Now, this sounds a bit too good to be true, especially since we know that in the first millenium, Old Kannada (haḷe-gannaḍa) was quite different from the the modern version of the language. It seems implausible that a Greek play from the 2nd century features a form of Kannada that would be readily recognizable to speakers of the language today.
To get to the bottom of this, let’s first try to find the original manuscript, which is stored in the Bodleian Library at Oxford. Fortunately for us, a high-resolution image of the manuscript (both sides) is freely viewable on the Bodleian Library’s website. I’ve cropped out full quotation containing the line mentioned above:

This is a bit hard to read, so we can refer to the transcription as it appears in The Oxyrynchus Papyri: Part III, written the discoverers themselves (Grenfell and Hunt) and published in 1903.

Despite being written in Greek script, this words here do not make any sense in Greek. As noted by Grenfell and Hunt (and reproduced in their transcription), there is actually a little dot between each word in the original manuscript (p. 43). Interestingly, these dots are only present in this particular passage.
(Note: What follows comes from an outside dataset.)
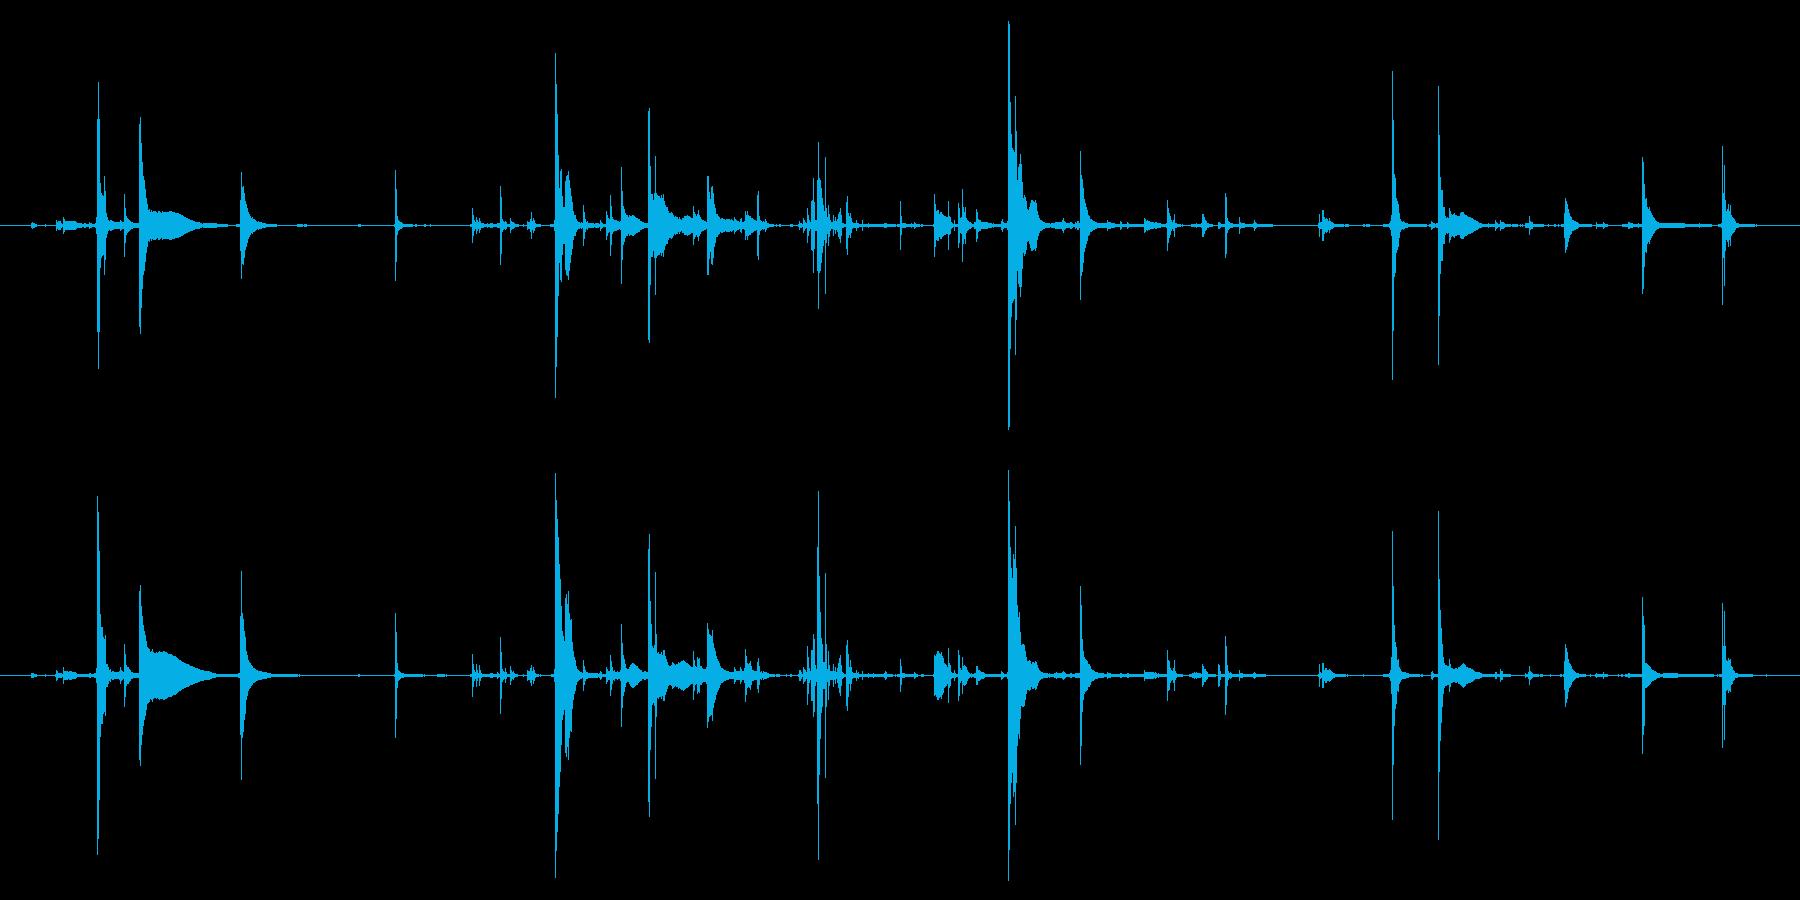 金属がガチャガチャいってる音の再生済みの波形

The fact that the word breaks are clearly delimited constrains the translation effort quite substantially, which will be important in the discussion that follows. If, like me, you’re not super comfortable in reading the Greek alphabet, here is the text transliterated into Roman letters as part of the English translation, a few pages later in the same book (this passage was obviously untranslatable to Grenfell and Hunt):
Note: For simplicity, I will use the Roman script for transliterating both Greek and Kannada words in the remainder of this post. Also, I’ve never studied ancient Greek, so I will have to rely on the translations provided by the authors of the papers we will examine (who I assume were all well-trained in the Classics).
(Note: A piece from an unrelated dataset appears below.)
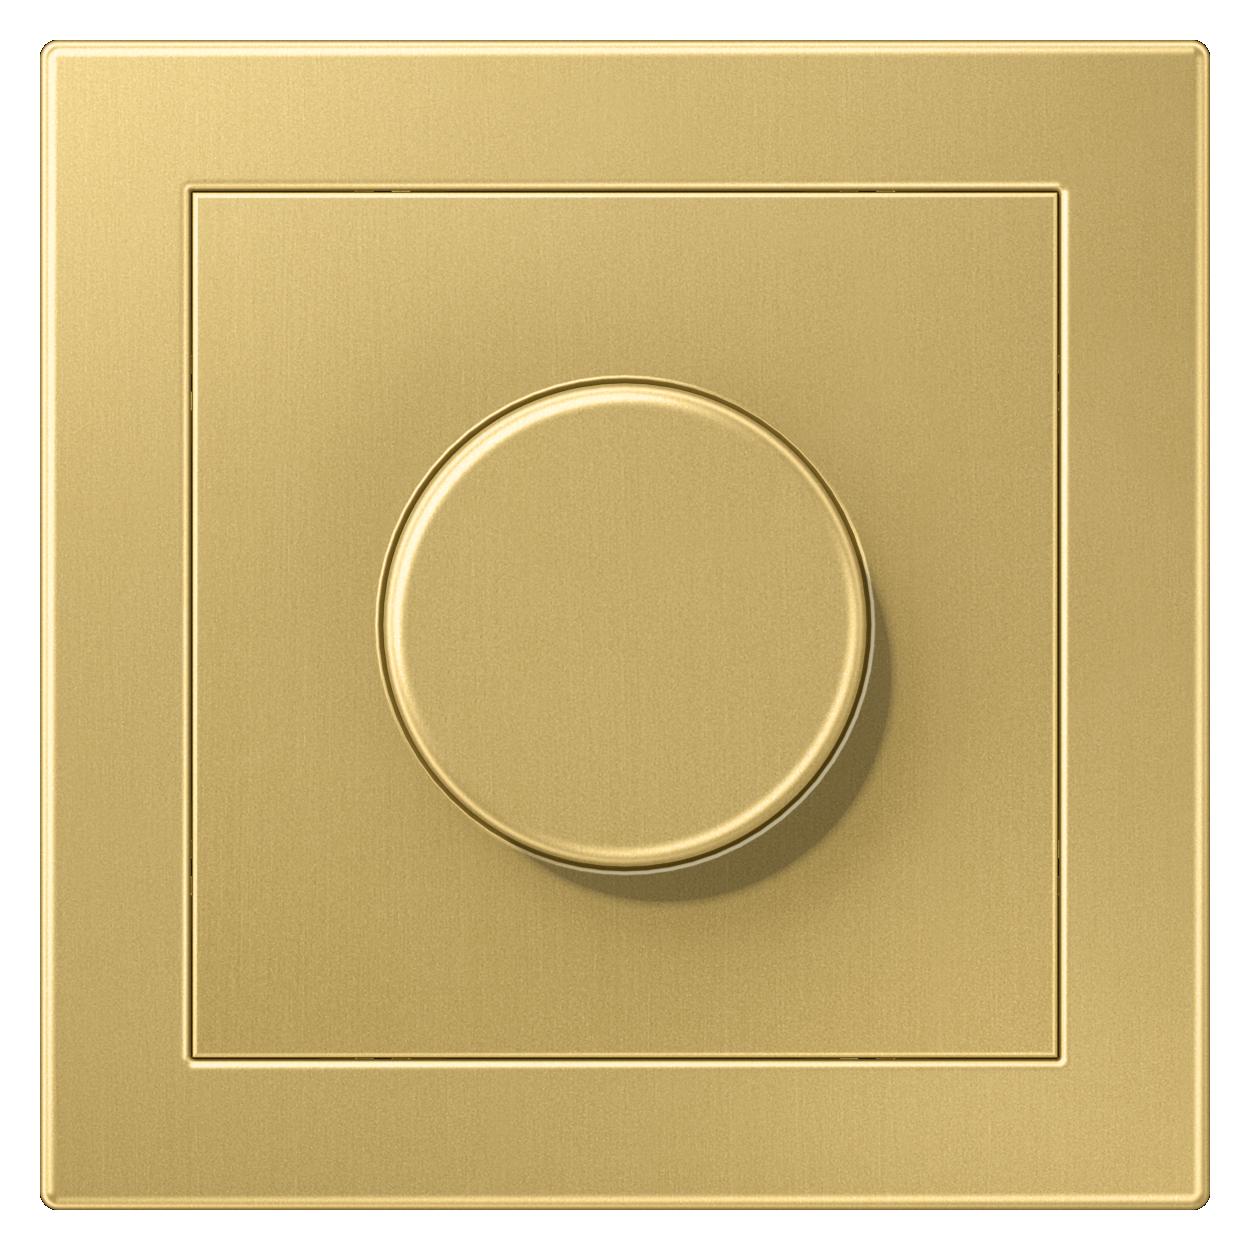 JUNG_LS_Design_classic_brass_dimmer

From the transliteration by Grenfell and Hunt, we see that the actual quote referred to in the Instagram reel is:
bere konzei damun petrekio paktei
Which is a bit different from what the reel claimed, which was:
bēre konca madhu patrakke hāki
What the reel reported on was Hultzsch’s interpretation of the original line in the manuscript. Based on Grenfell and Hunt’s 1903 edition of the manuscripts, he published his own article the following year titled “Remarks on a Papyrus from Oxyrhynchus.” He provides a bit of justification, but not much, for each word:
bere = bēre (“different”), which he notes is “still in daily use” in Kannada.1
konzei = koñca (“a little”), which he says is an “equally common” word
petrekio = pātrakke (“to the cup”), the dative form of pātra (“cup”)
damun = madhu (“wine”), which he simply claims is a transposition of d and m
paktei = hāki (“having poured2”), apparently “perhaps an incorrect rendering”
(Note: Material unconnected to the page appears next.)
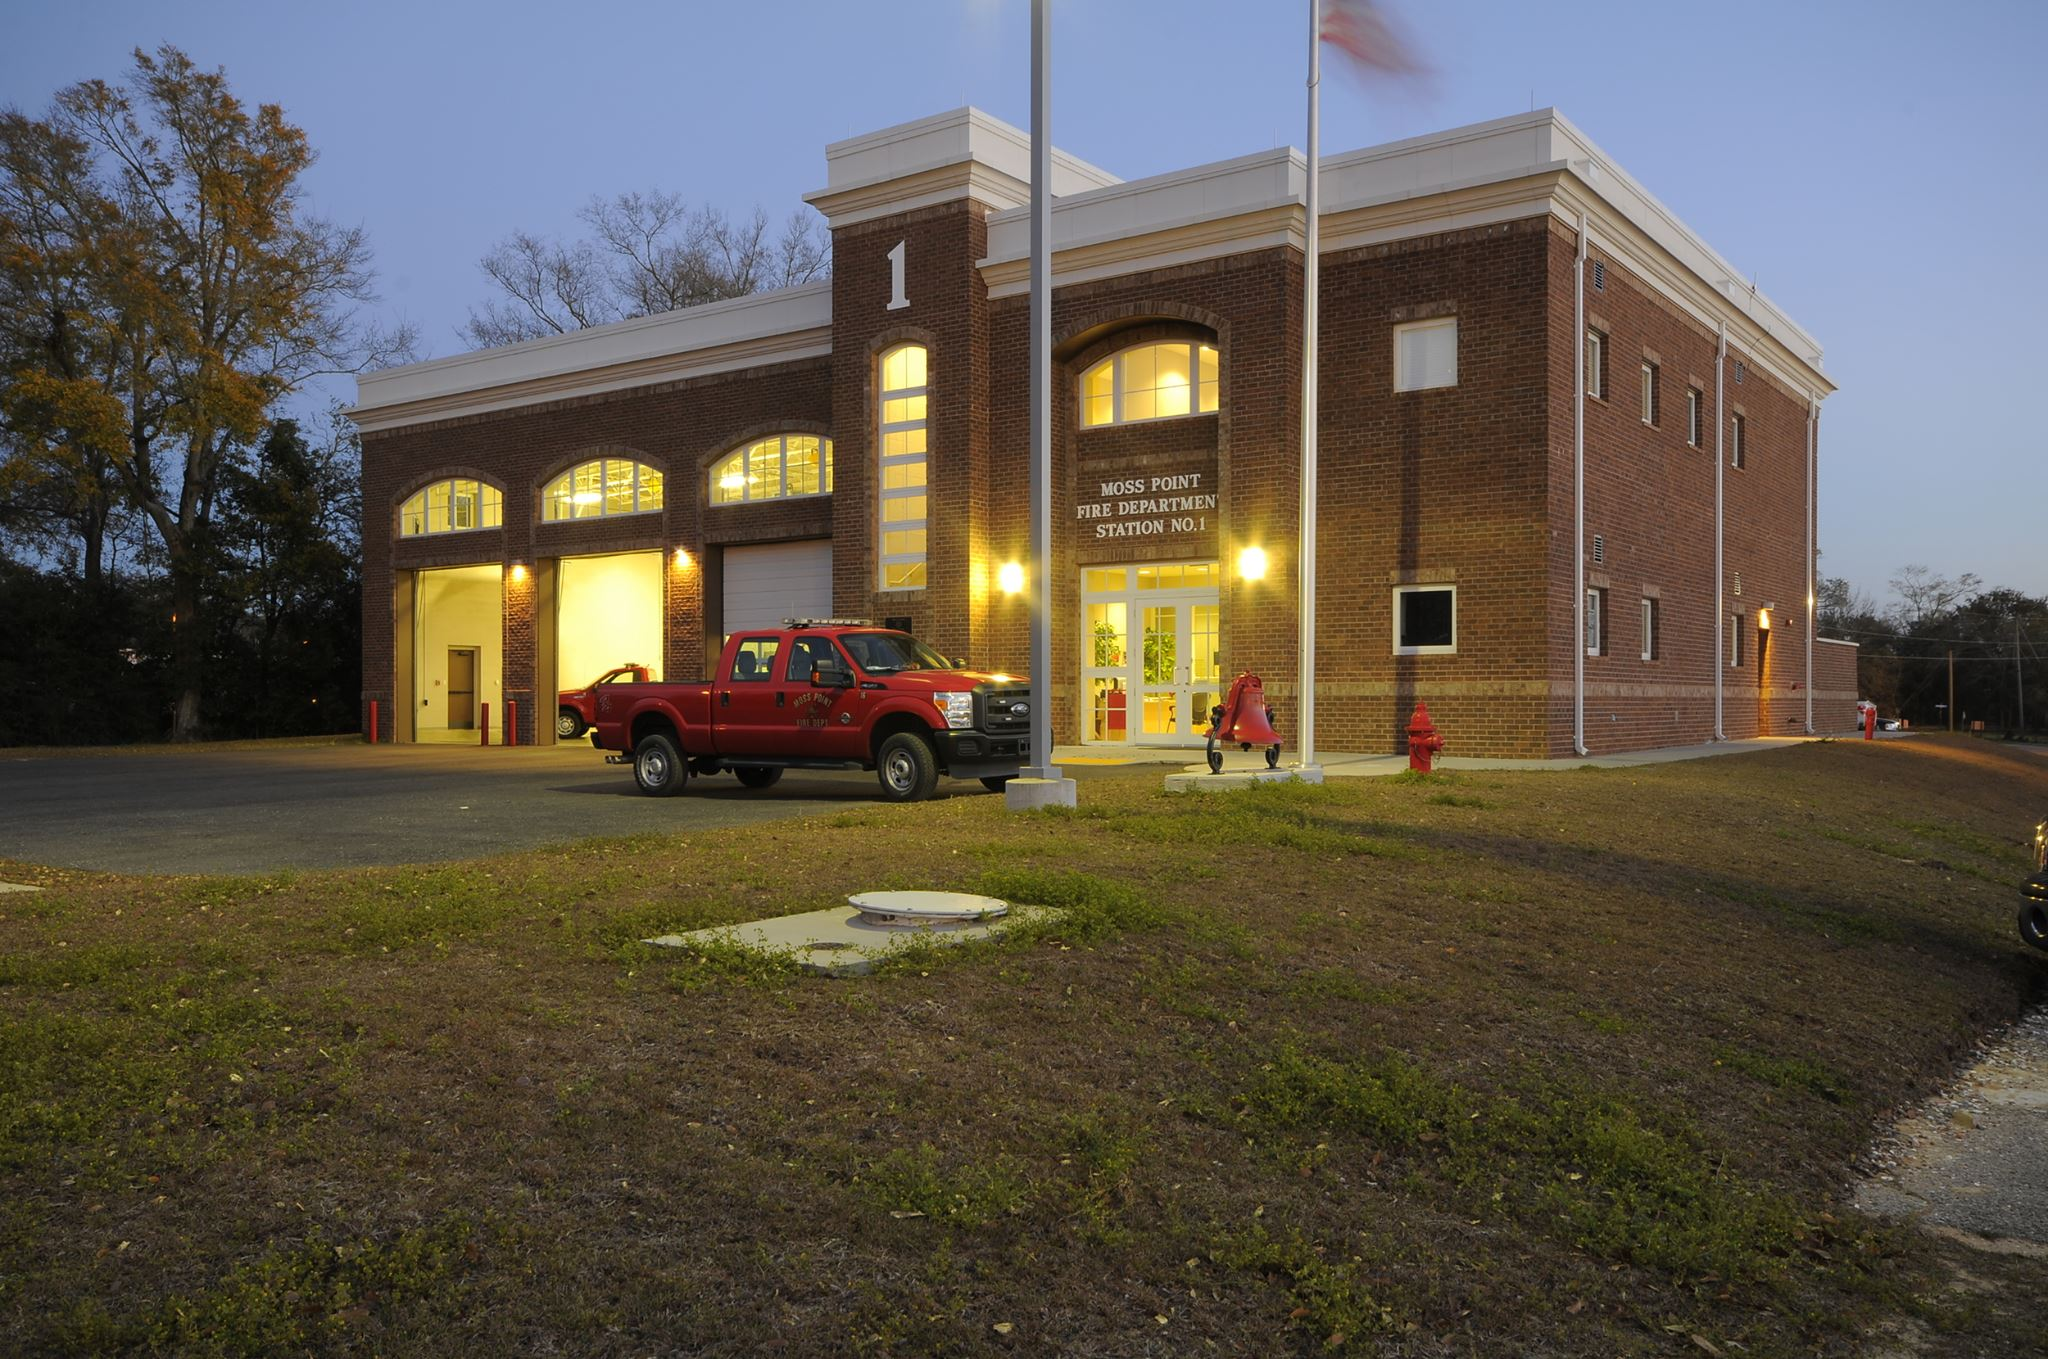 moss point fire department_1556900755284.jpg.jpg

Hultzsch thus translates this part as “having poured a little wine into the cup separately.”
There are actually several more non-Greek words and sentences throughout the play, several of which Hultzsch tries to interpret as Kannada. To strengthen his claims, he points out that some of the Greek characters in the play apparently translate what the Indians are saying to their compatriots, which semantically constrains the phrases. Here are the other phrases Hultzsch picks out, along with his interpretation of their meanings:
Line 59: brathis = bēr āḍisu - “let us3 play separately.” In the play, the apparent Greek translation provided by the character “B” for this utterance is “let us draw lots for the shares.”
Line 66: kottos zotit4 = kuḍisu jhaṭiti - lines up with the apparent Greek translation provided by character “C” as “give to drink quickly.”
Line 83: panoumbretikatemanouambretououeni = pānam bēr etti kaṭṭi madhuvam bēr ettuvenu (“having taken the up the cup separately and having covered [it], I shall take wine separately”). Here, Hultzsch hypothesizes that manouam is a clerical error for madouam, from which he gets madhuvam.
There are a few more non-Greek phrases in the play, for which Hultzsch admits that he is unable to generate plausible Kannada translations.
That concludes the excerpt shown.